■ What to produce
Leave the images aside and copy out the whole listing, exact to the word.

■ Data section
——————————

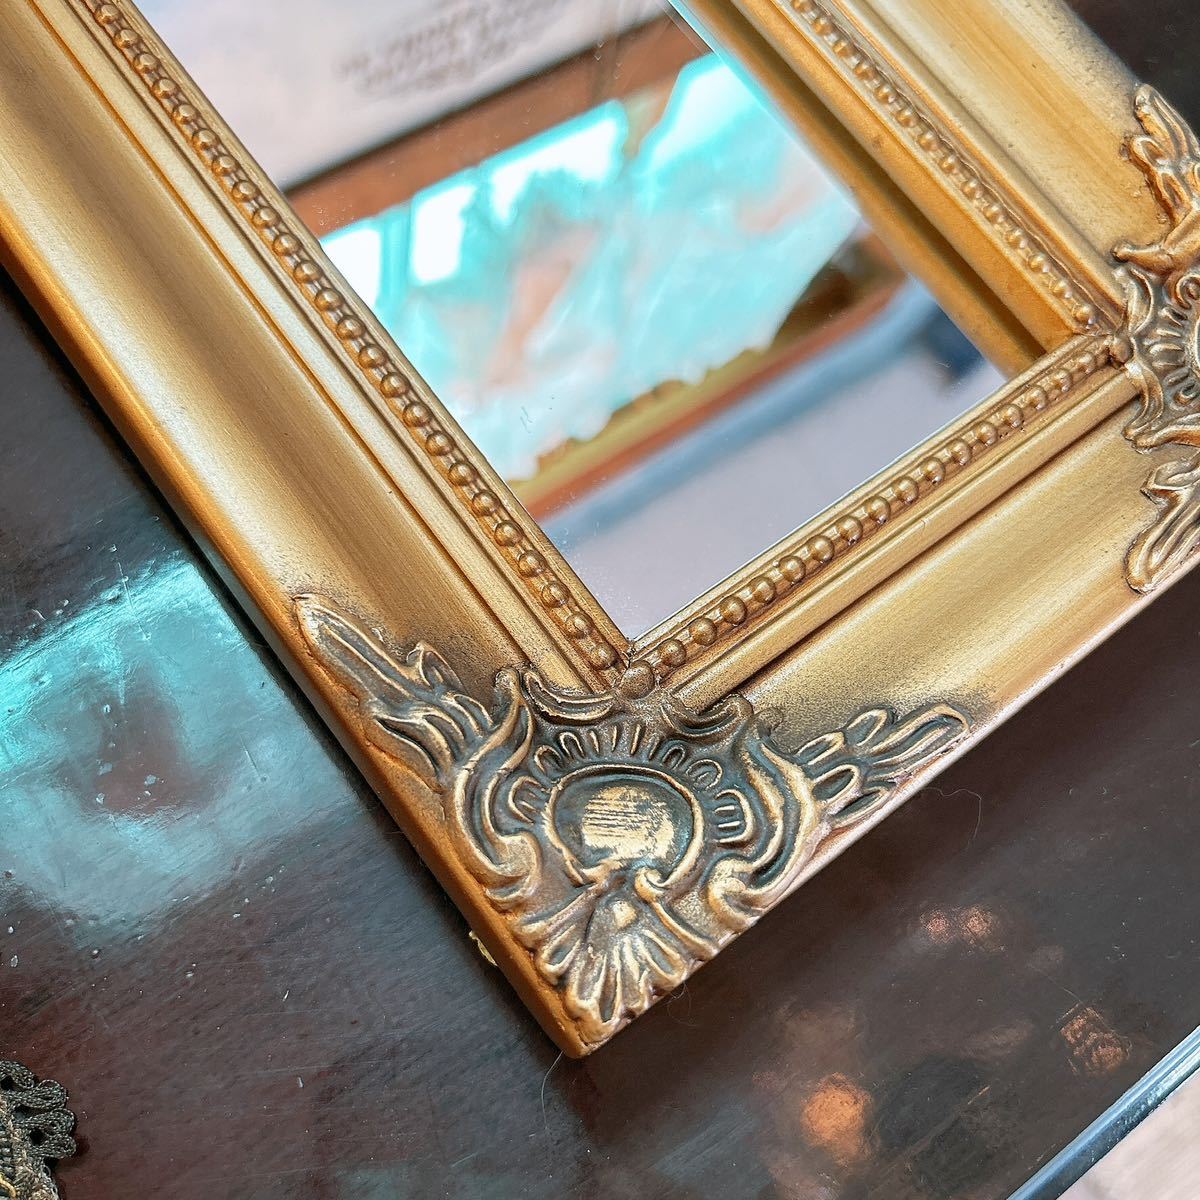 アンティークな部屋 おしゃれな鏡 一面鏡 No.2 ウォールミラー 1枚 壁掛け鏡 gold #インテリア装飾品 #ドレッサーミラー #ウォールミラー
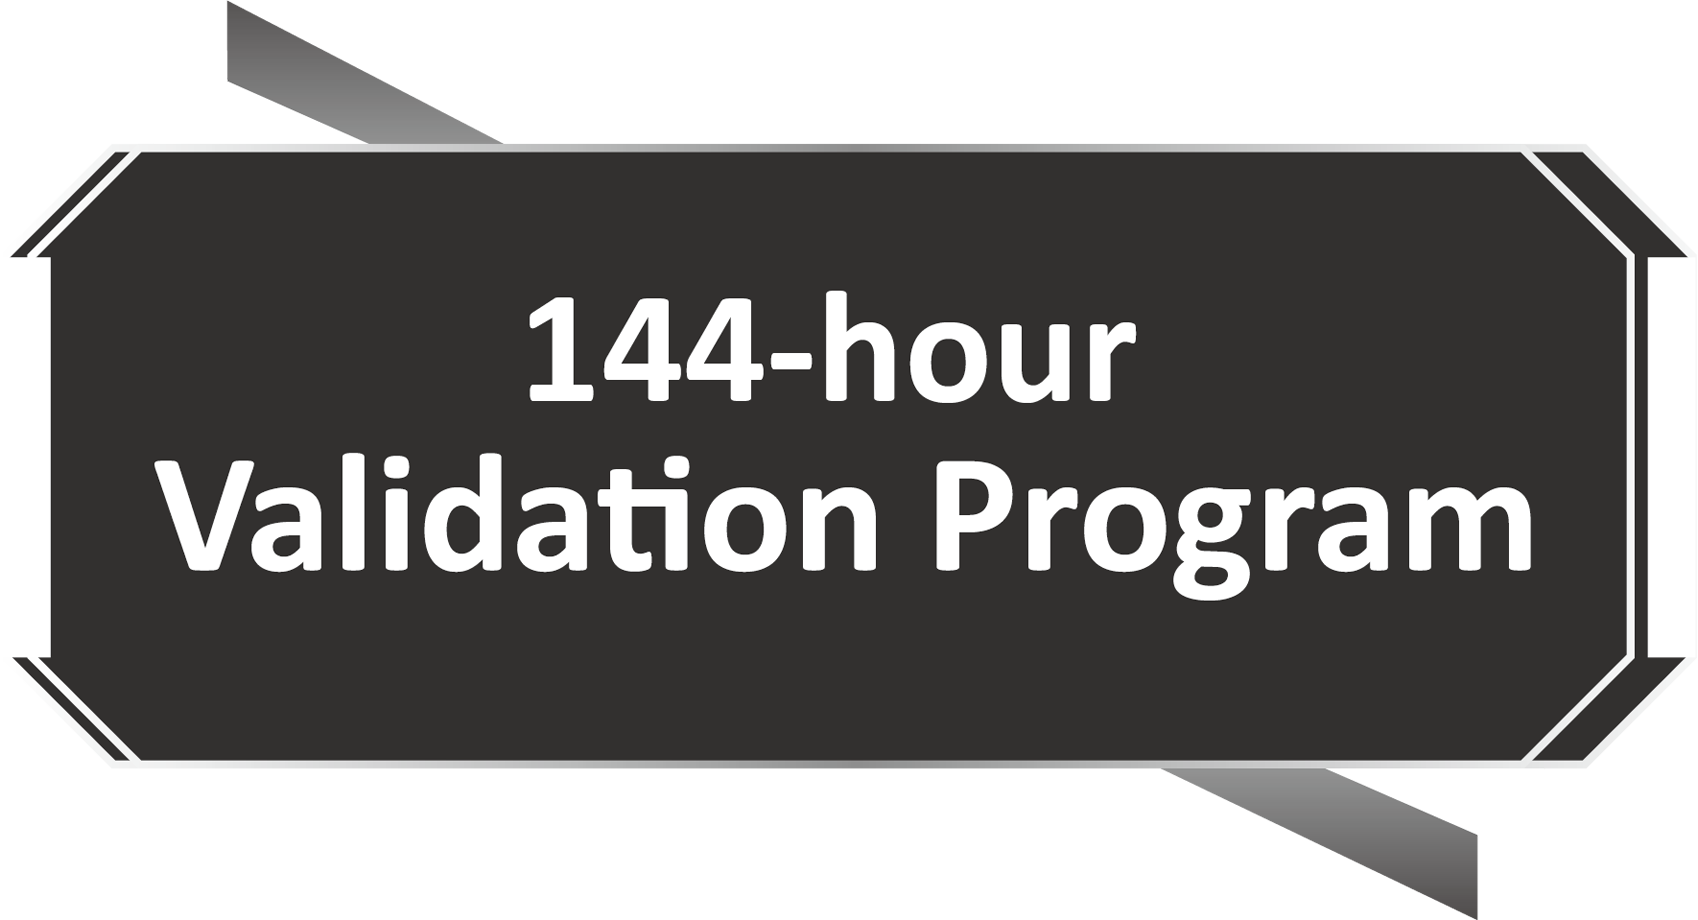 Programme de validation de 144 heures
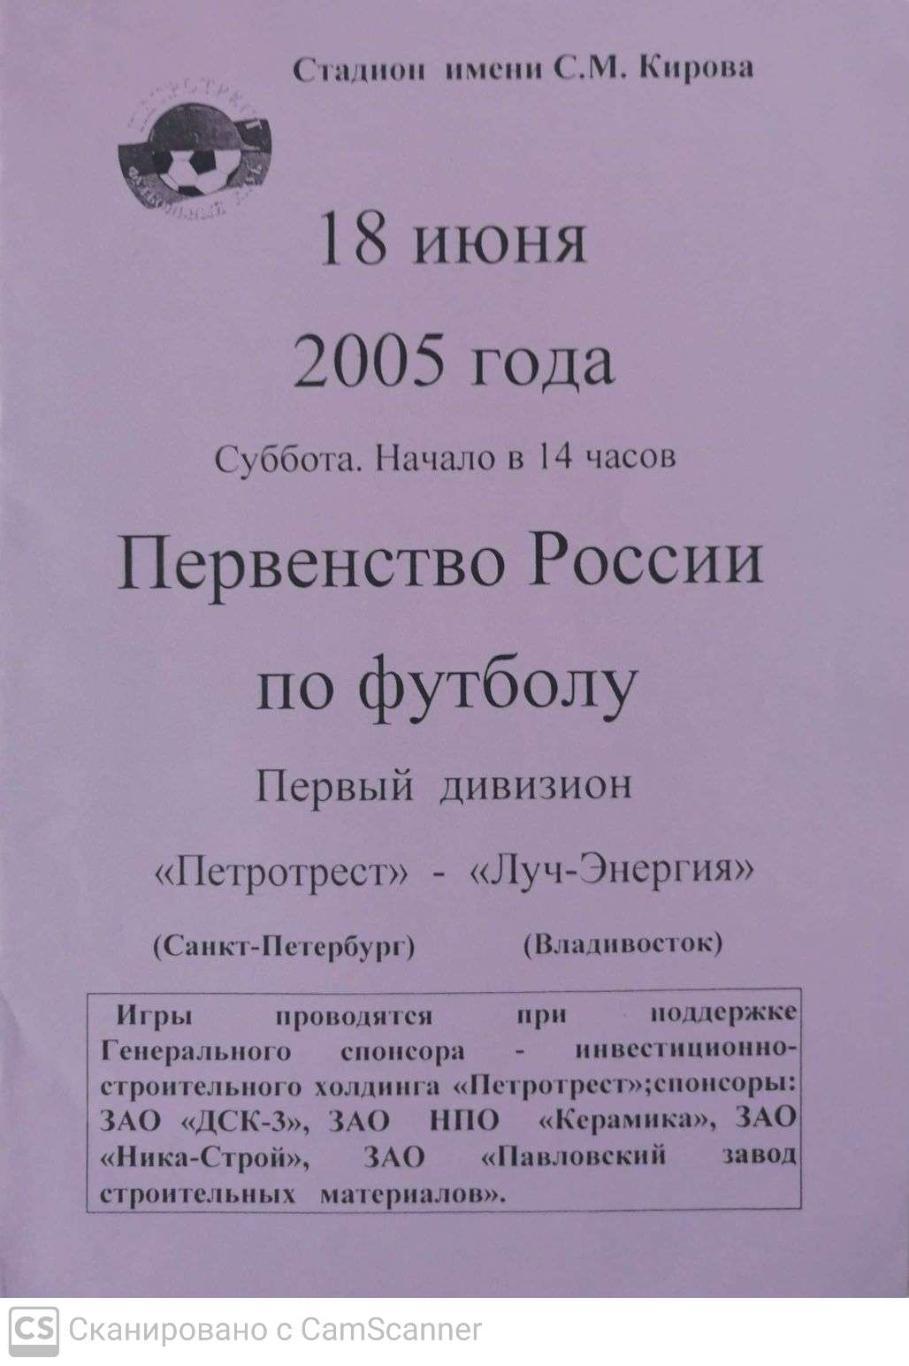 Первый дивизион. Петротрест СПб - Луч-Энергия 18.06.2005
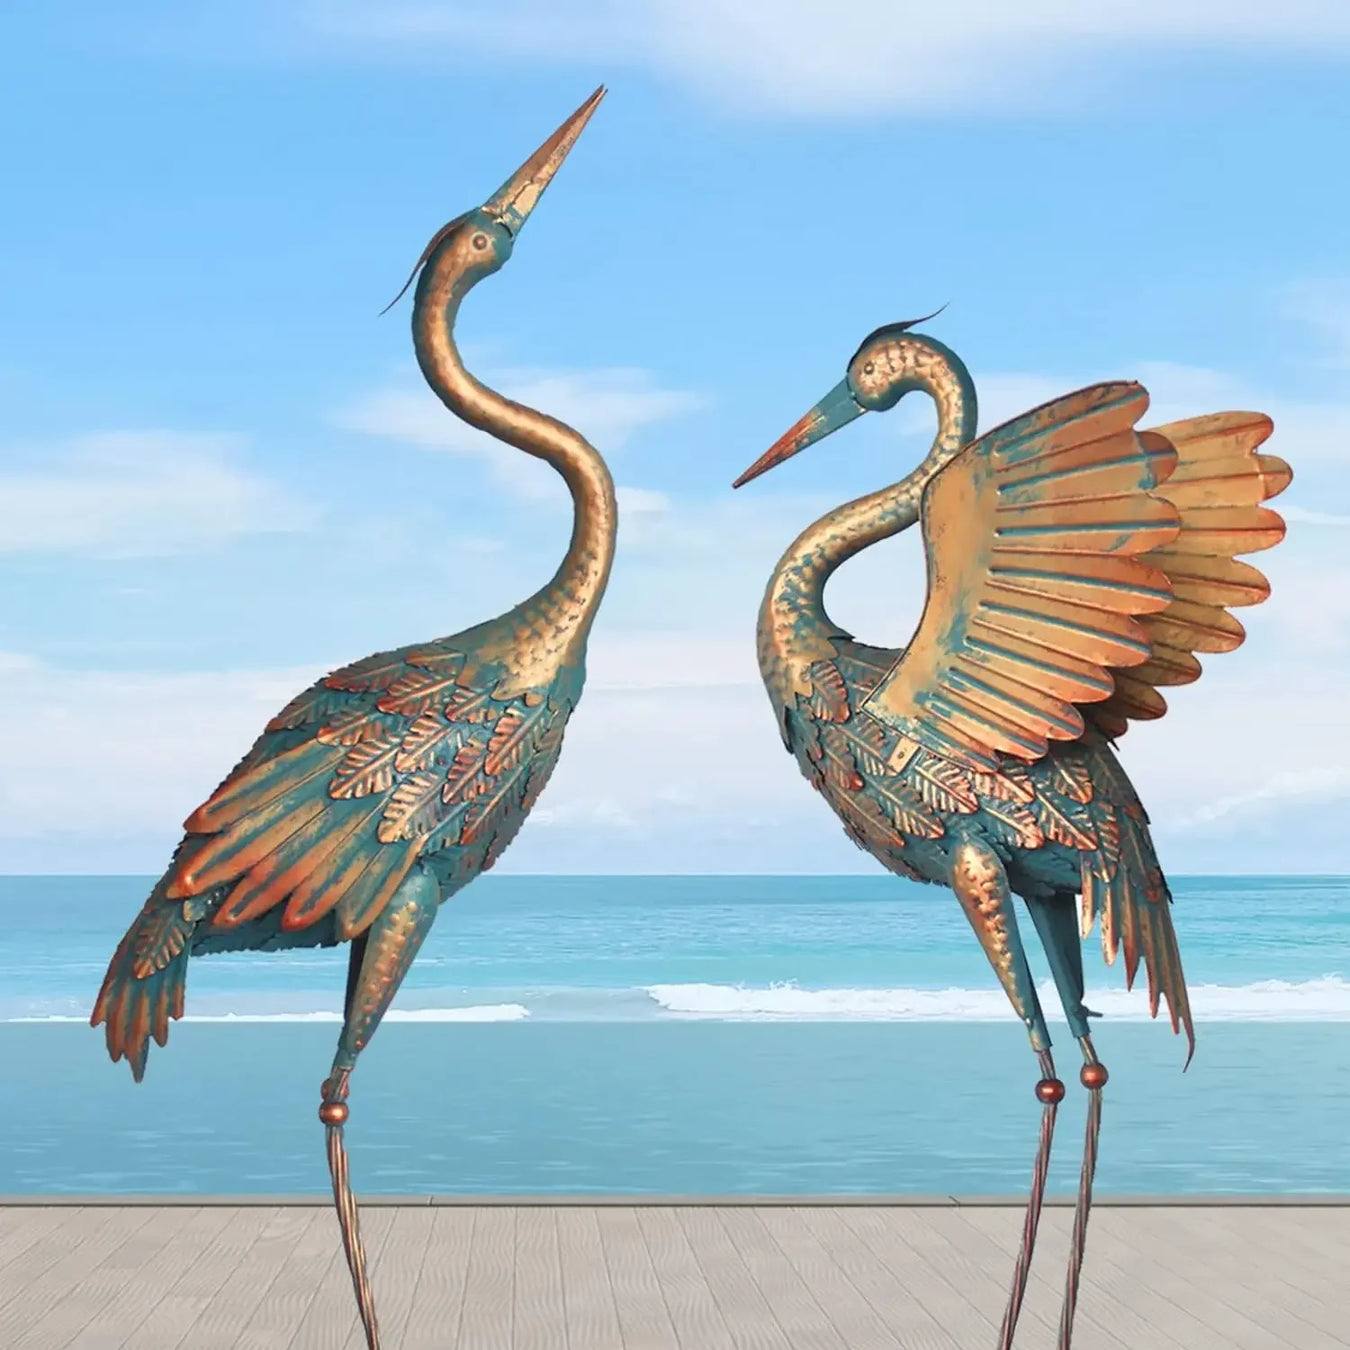 Bronze Heron Crane Sculpture for Outdoor Garden Décor - 33-37 Inches

——————————

■ Answer section
 アンティークな部屋 おしゃれな鏡 一面鏡 No.2 ウォールミラー 1枚 壁掛け鏡 gold #インテリア装飾品 #ドレッサーミラー #ウォールミラー
 Programme de validation de 144 heures
 Первый дивизион. Петротрест СПб - Луч-Энергия 18.06.2005
 Bronze Heron Crane Sculpture for Outdoor Garden Décor - 33-37 Inches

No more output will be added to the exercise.